Task requirements >>
In the data below, find the line containing "Adidas куртка junior" and the line containing "email de candidature", then reproduce them and every line between, exactly. Omit pictures.

Supplied entries >>
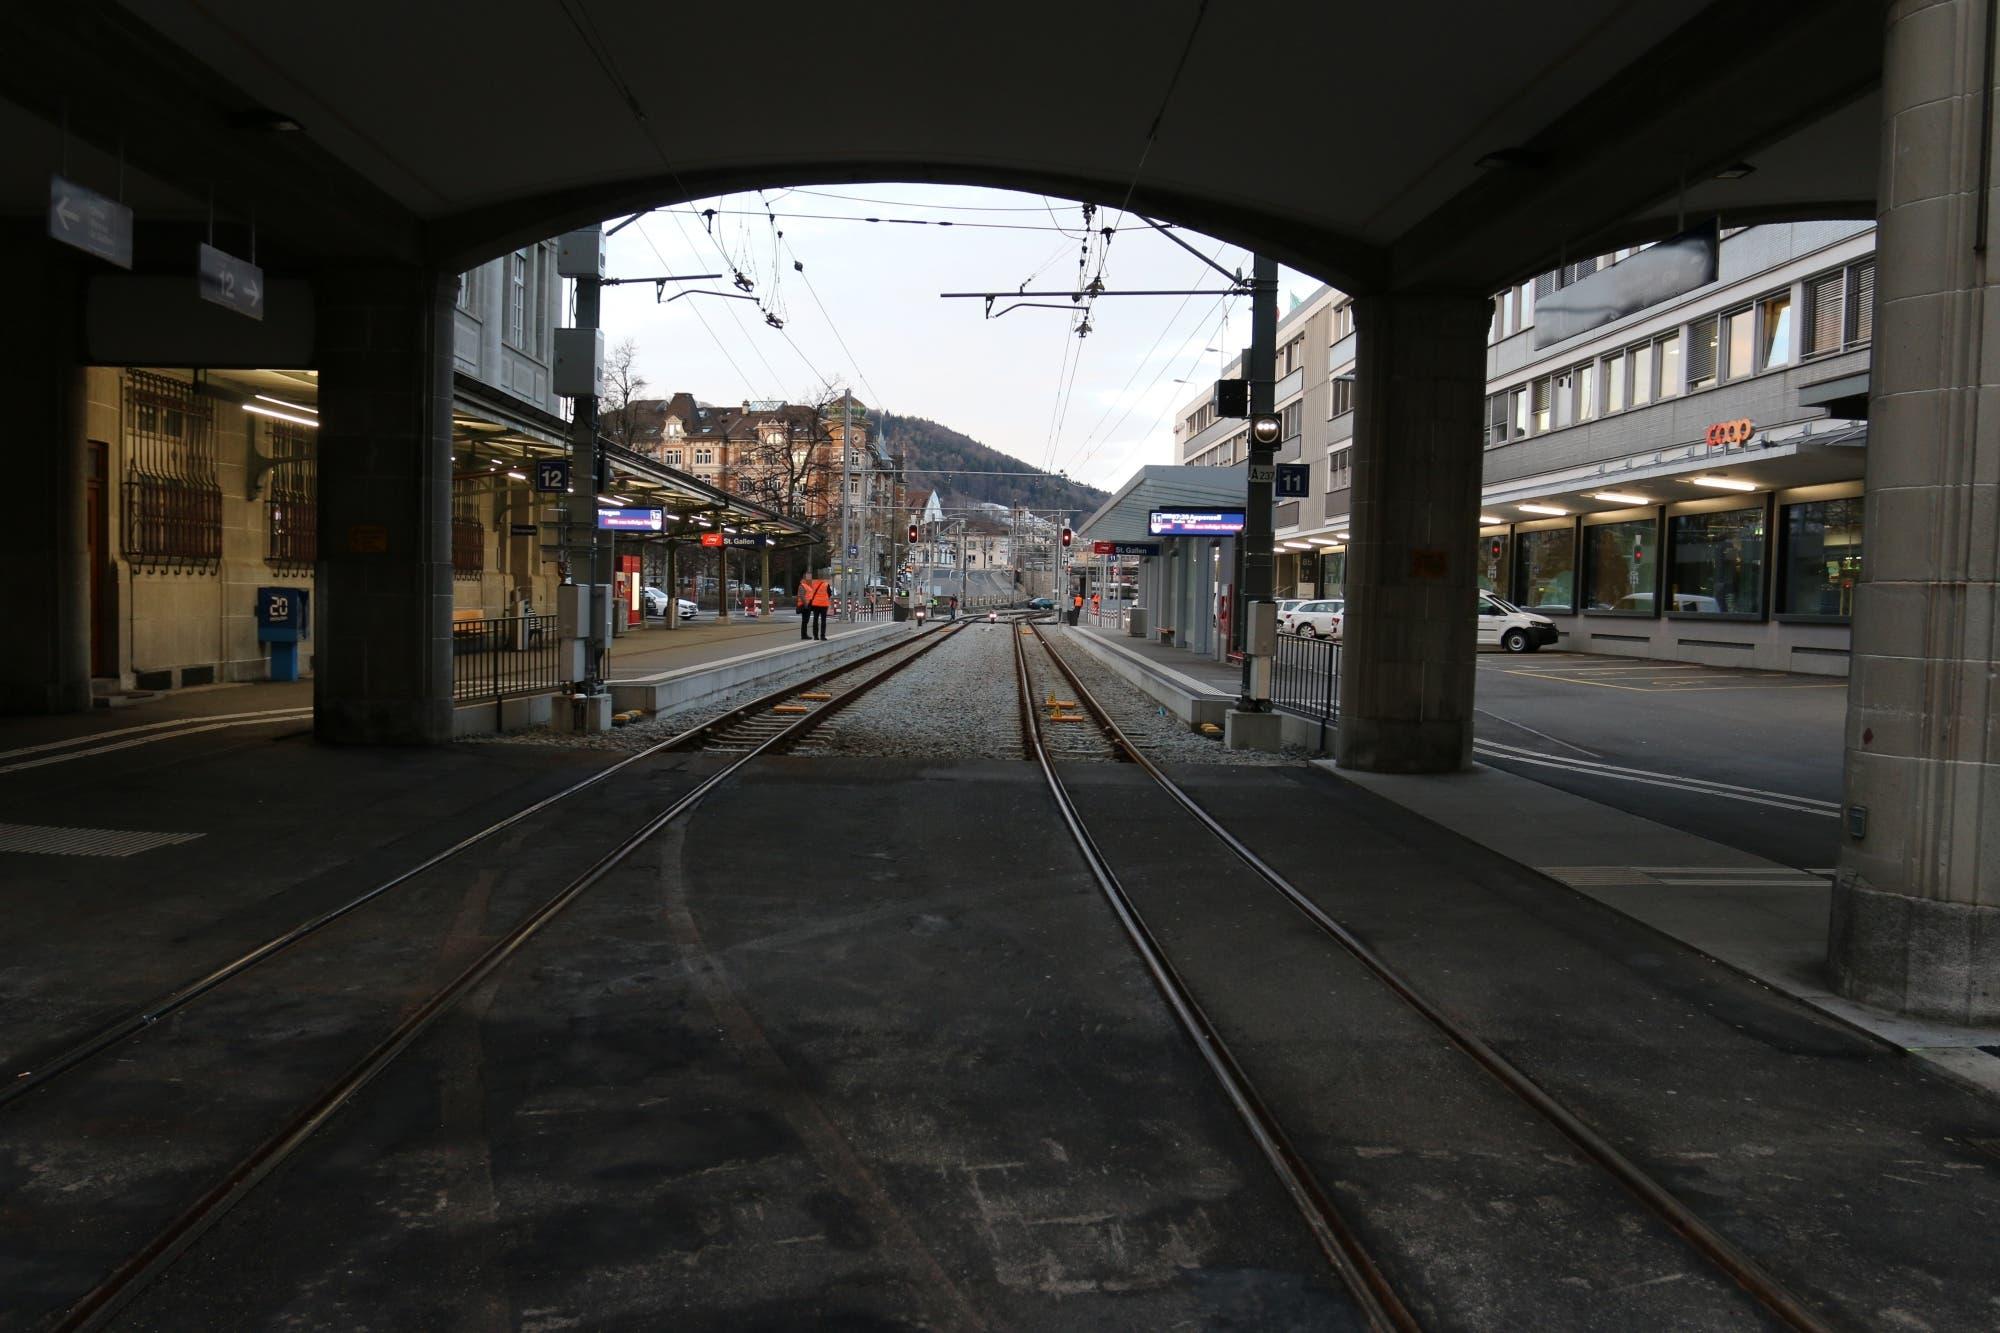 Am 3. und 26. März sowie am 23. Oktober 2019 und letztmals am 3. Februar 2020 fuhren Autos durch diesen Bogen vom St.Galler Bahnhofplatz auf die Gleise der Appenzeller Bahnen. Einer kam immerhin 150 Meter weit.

...

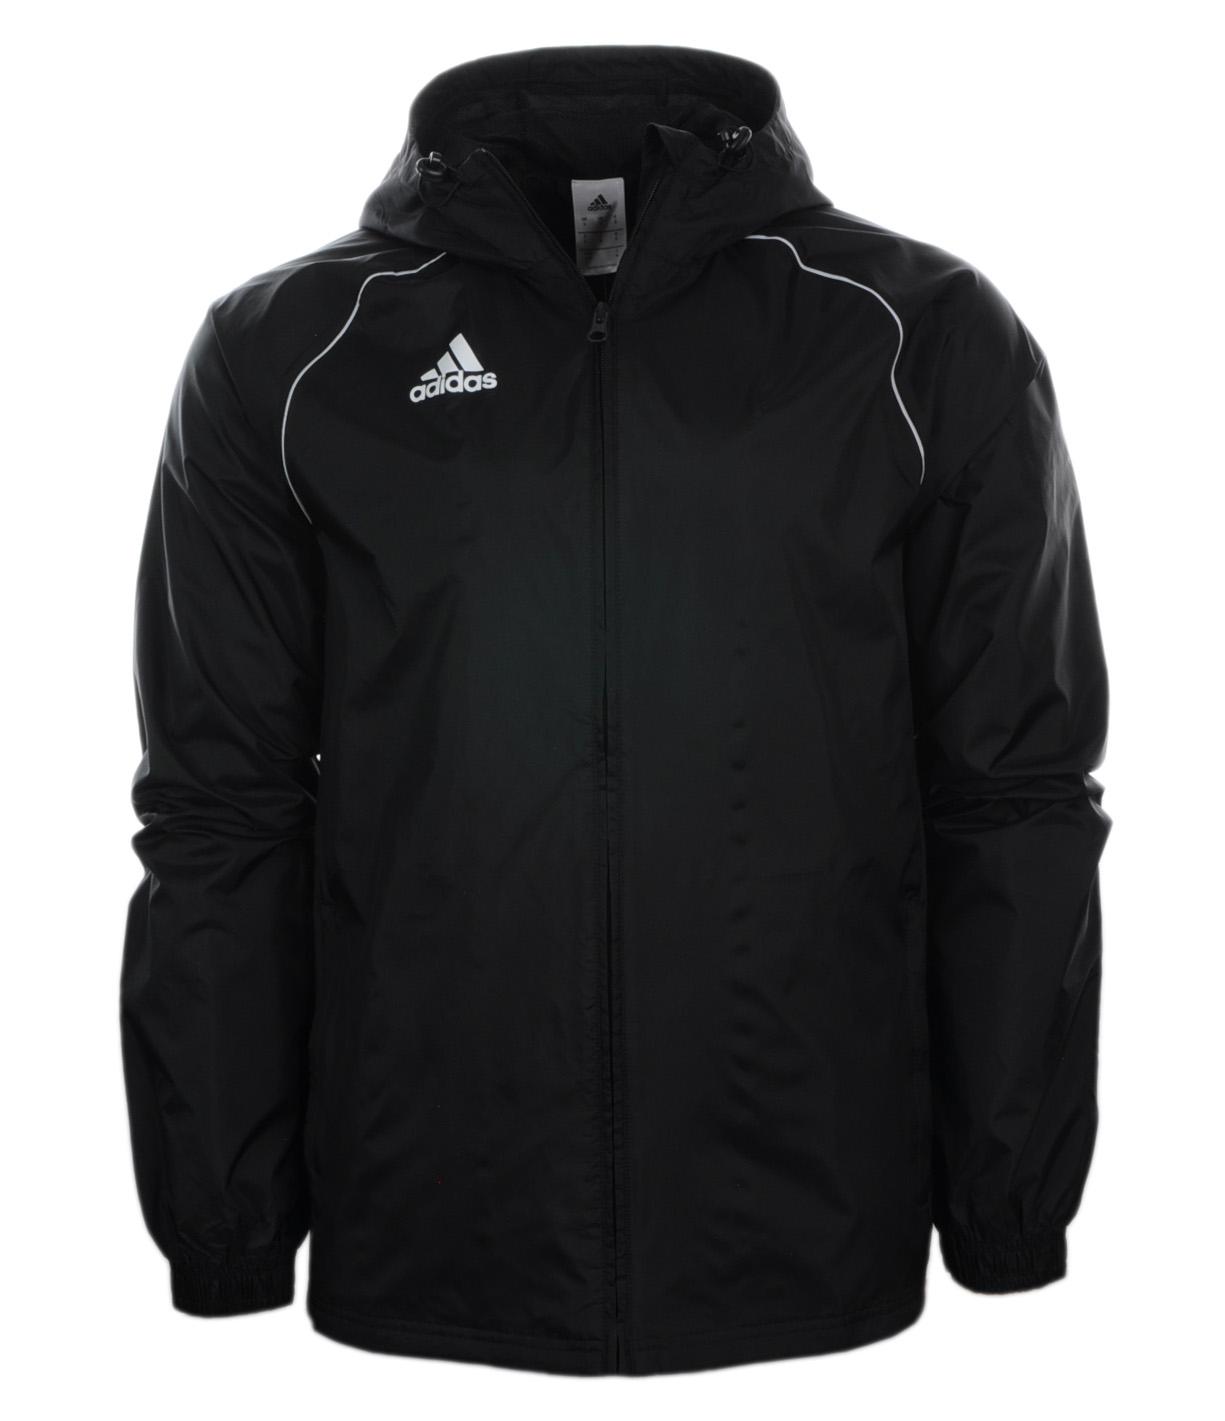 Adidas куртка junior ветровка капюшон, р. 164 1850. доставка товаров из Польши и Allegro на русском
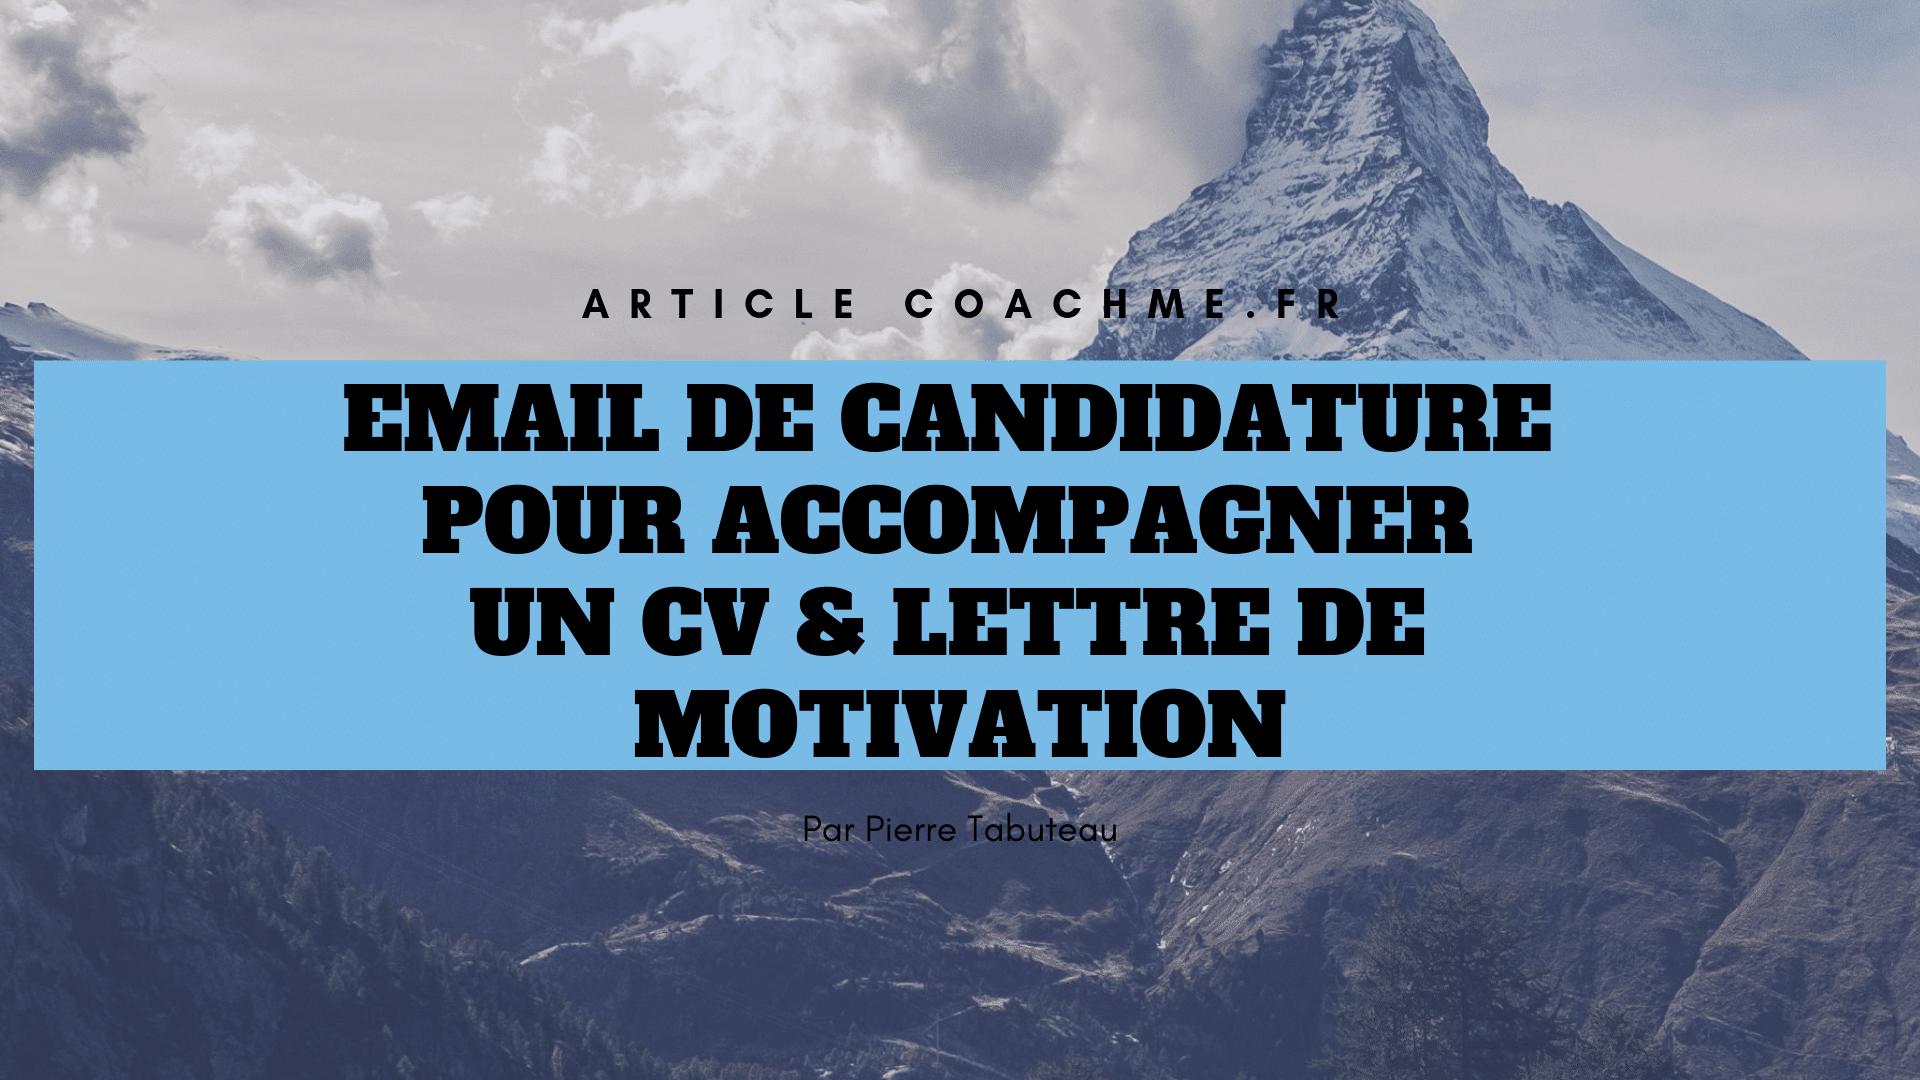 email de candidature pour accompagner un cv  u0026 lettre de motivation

Answer space >>
 Adidas куртка junior ветровка капюшон, р. 164 1850. доставка товаров из Польши и Allegro на русском
 email de candidature pour accompagner un cv  u0026 lettre de motivation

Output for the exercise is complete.